Research Unit Data Linking
One of the central ideas of the Cluster of Excellence is to combine research in the humanities with research in the natural sciences for the study of written artefacts. Scientists working in artefact profiling analyse materials of written artefacts with a range of recent and up-to-date technologies, thus generating different kinds of associated data (e.g., X-ray data, spectral data). Supported by such materials science data and using various kinds of computational processes, researchers in the humanities can derive new conclusions based on scientific analyses and produce new results in the field of written artefact research to be published in volumes and journal articles.
With artificial intelligence (AI) technology, scientific results of humanities research can be automatically made available as data again to be used by computational processes in future investigations, e.g., machine-readable dictionaries of old languages derived from manuscripts, or databases of descriptions for the content as well as for the material of ancient inscriptions, to name just a few concrete examples. In the humanities, artefact description data are often provided in terms of so-called annotations. Annotations are used to symbolically describe the content of artefacts. Thus, for annotations, we also use the term symbolic content descriptions, which are located on the digitisation of an artefact with respect to a suitable reference system. Intelligent agents known from AI can support researchers in the humanities in their daily work by deriving symbolic content descriptions, and thus allow for new scientific insights with less effort. This way, data stemming from humanities publications are automatically linked to future humanities research problems so that humanities researchers are optimally supported with AI technology in subsequent scientific work.

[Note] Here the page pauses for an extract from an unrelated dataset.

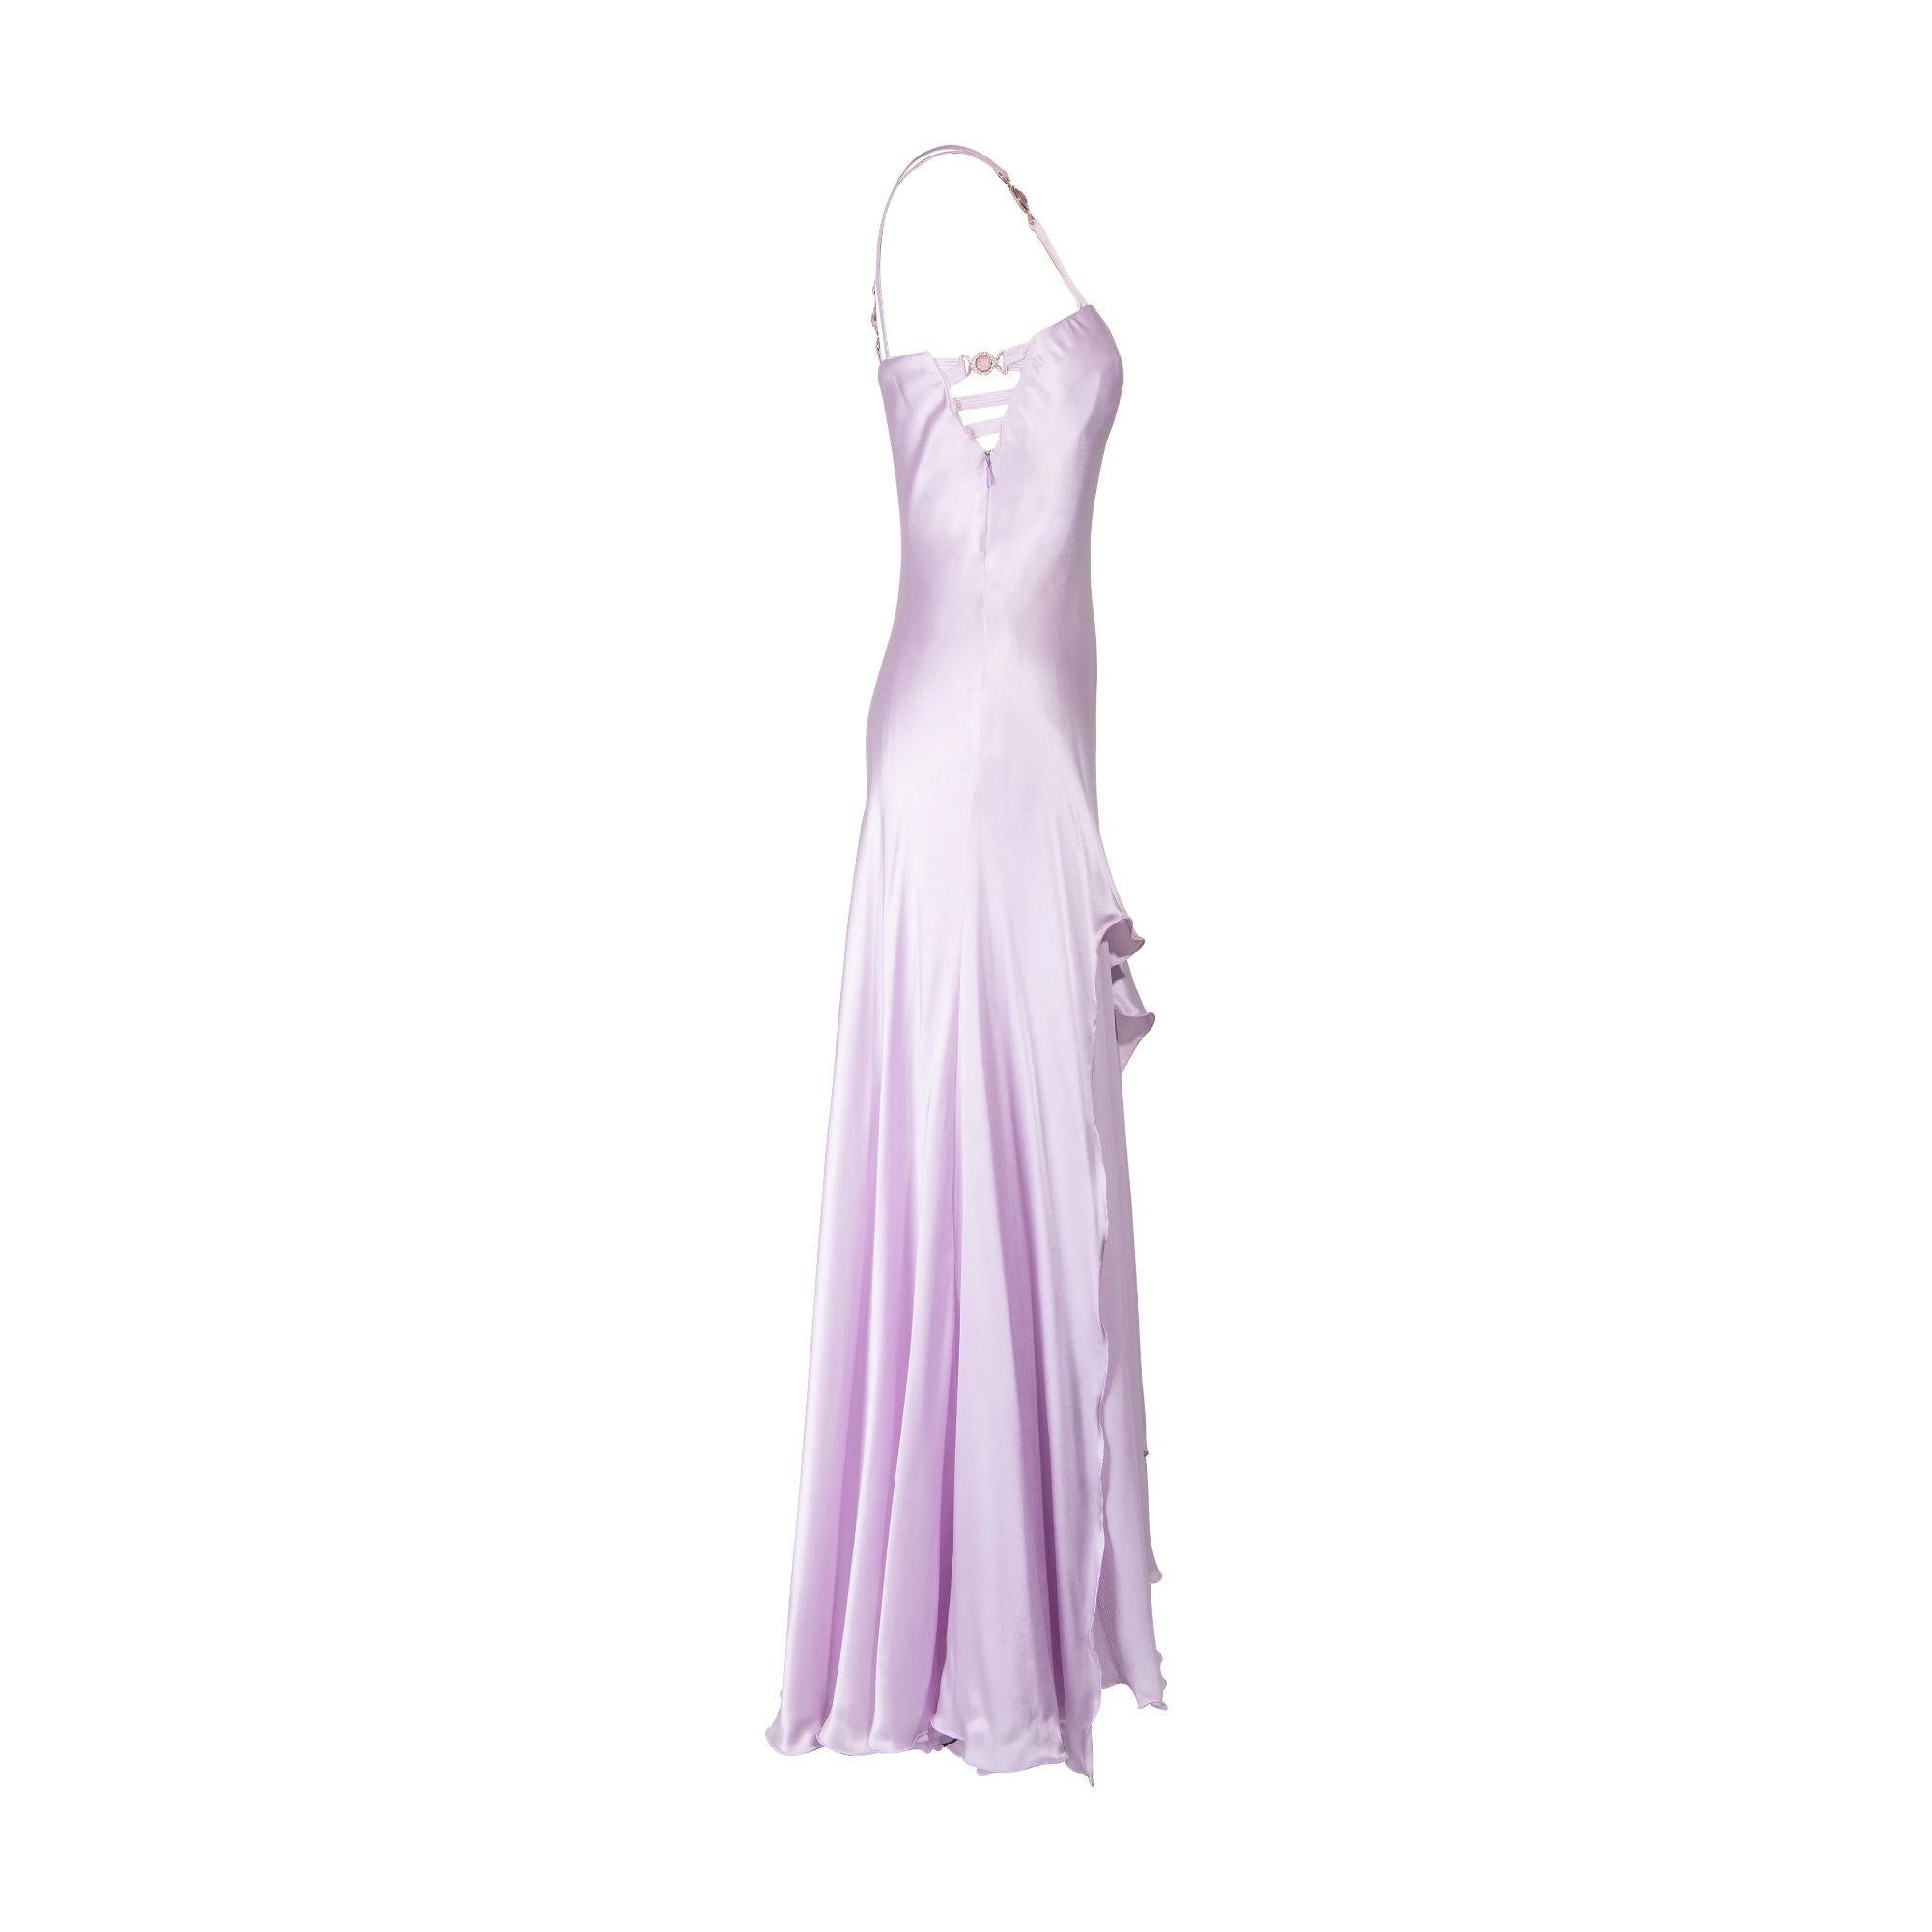 S/S 1995 Gianni Versace Purple Silk Asymmetrical Drape Gown In Good Condition In North Hollywood, CA

Yet, the next frontier of AI is not just technological but also humanistic and ethical. AI will enhance the work of human actors rather than replace them, and extensive research programmes are set up to make intelligent agents explicable, legible, and predictive. The Cluster of Excellence contributes to respective research goals. In the process of recording and interpreting results, linking services can be combined with other services to (automatically) find relevant data and even evaluate the relevance of documents on the web for certain research problems. In the same spirit, researchers from the natural sciences can benefit from support services to find out in what contexts their data might be relevant and in which contexts their data are used.

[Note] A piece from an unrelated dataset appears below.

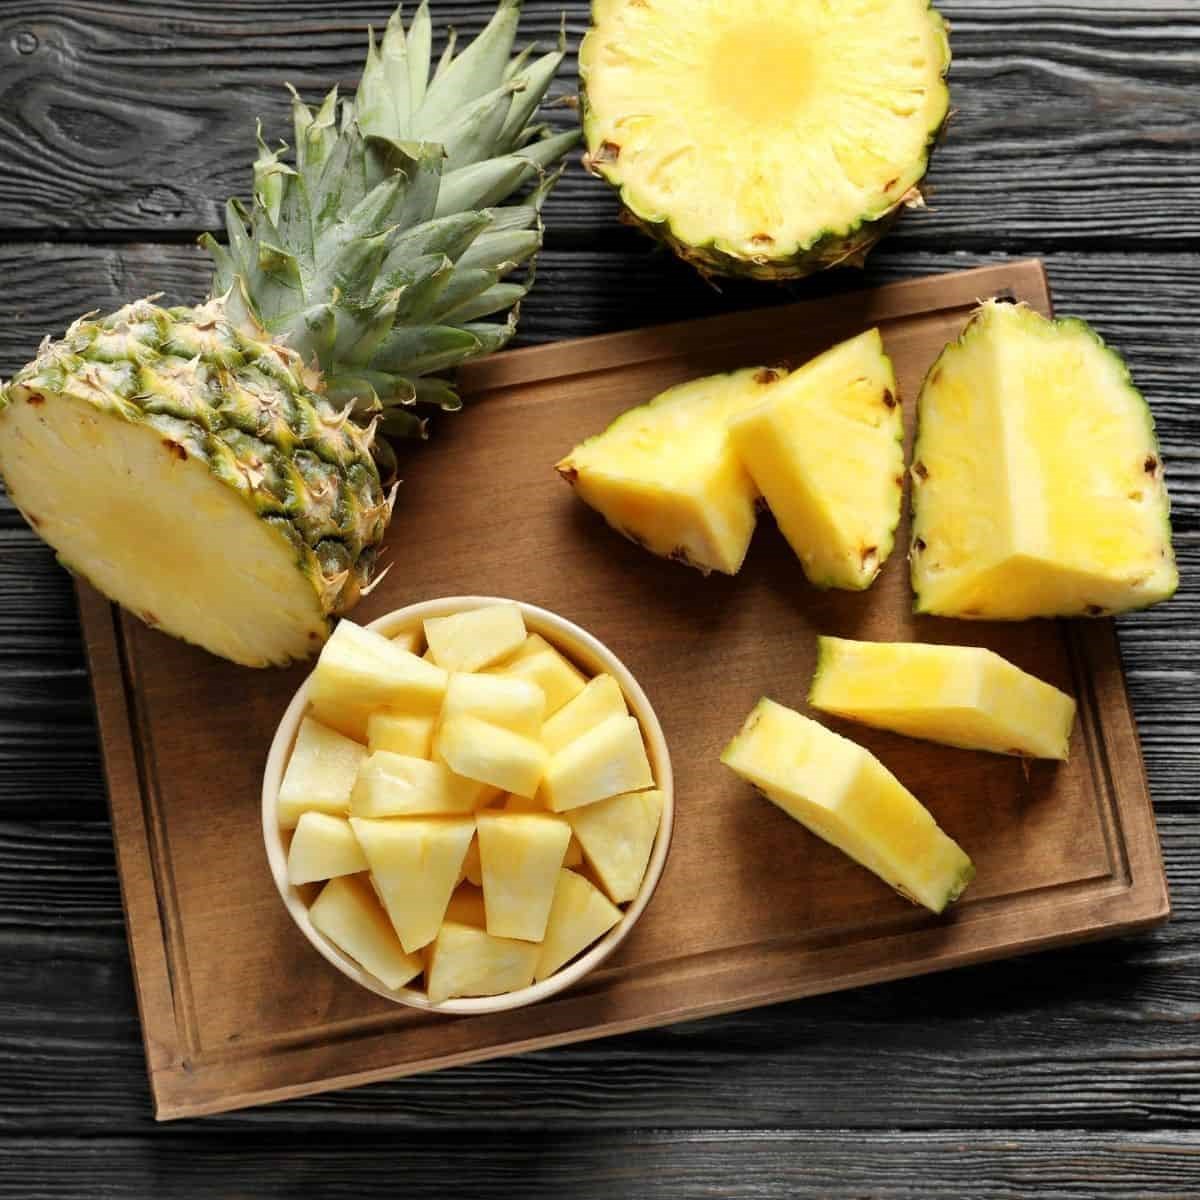 How To Store Fresh Cut Pineapple

In order to derive symbolic content descriptions and build corpora of, e.g., related publications automatically, intelligent agents need to acquire domain models from (sparse) data. In particular, learning technology developed in artificial intelligence exploits model derivation from annotated data or publications. Creating annotations is a central working method of humanities scholars (e.g., for manuscripts, inscriptions, etc.). At present, annotations are often still (laboriously) created by hand, but in the future, this will be done much more effectively with AI technology. These annotations can then be used to make machines learn "the right thing" at the right time, and thus, humanities researchers can train intelligent agents, or, to put it in other words, humanities researchers can control the content of domain models derived and used by intelligent agents by composing annotated data and/or publications from which annotations are extracted. Our data linking architecture supports this process, and, in this respect, the Cluster is also at the forefront of AI.